VW's Open Door to Whistleblowers Closes at the End of the Month

  • Employees must step forward with information by Nov. 30
  • VW amnesty offer doesn't rule out criminal proceedings

A Volkswagen dealership in Wolfsburg, Germany.

Photographer: Jochen Eckel/Bloomberg

Volkswagen AG wants its workers to be open about any cheating at the carmaker, as long as they talk by the end of the month.

In a bid to emerge from the emissions scandal, VW is offering amnesty to employees that reveal information to help investigations into manipulation. If they come forward by Nov. 30, they won’t be fired and won’t face damage claims from the automaker, according to a letter posted on Volkswagen’s corporate intranet and obtained by Bloomberg.

“In this process, every single day counts,” Herbert Diess, head of the VW brand, said in the letter. “We are counting on your cooperation and knowledge as our company’s employees to get to the bottom of the diesel and CO2 issue.”

Volkswagen employees helped the Wolfsburg, Germany-based company uncover inconsistencies in carbon-dioxide emissions in 800,000 cars last week. That added to the 11 million vehicles with diesel engines rigged to fool regulatory tests. The latest admission created new uncertainty about the extent of cheating at the company, which has provided few details.

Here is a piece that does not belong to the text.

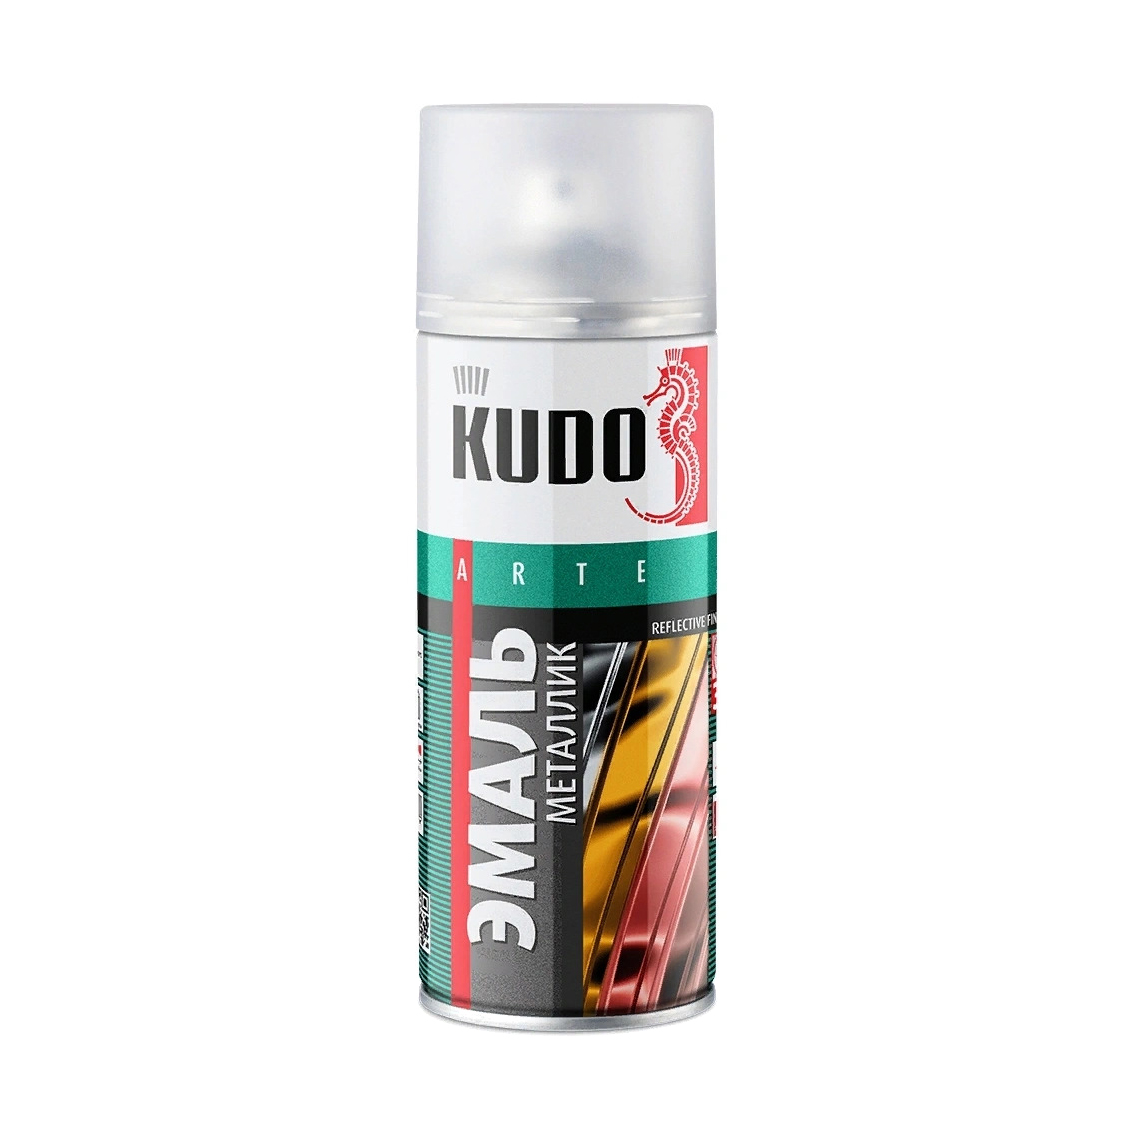 Эмаль Kudo металлик универсальная серебряная 520 мл эмаль аэрозольная kudo 1026 универсальная 520 мл серебро арт эк000013304

Chief Executive Officer Matthias Mueller, who was appointed in the wake of the scandal, said when taking his post in September that his most urgent task is to win back trust “by leaving no stone unturned.” Last week, he said the company “will stop at nothing and nobody” to get to the truth.

The whistleblowers amnesty is valid for staff covered by the manufacturer’s collective-bargaining agreements. The company said that criminal proceedings can’t be ruled out, depending on the findings, and that employees could be transferred or given other responsibilities. Volkswagen declined to comment on internal policy.

The deadline for internal informers was reported late Wednesday in Sueddeutsche Zeitung.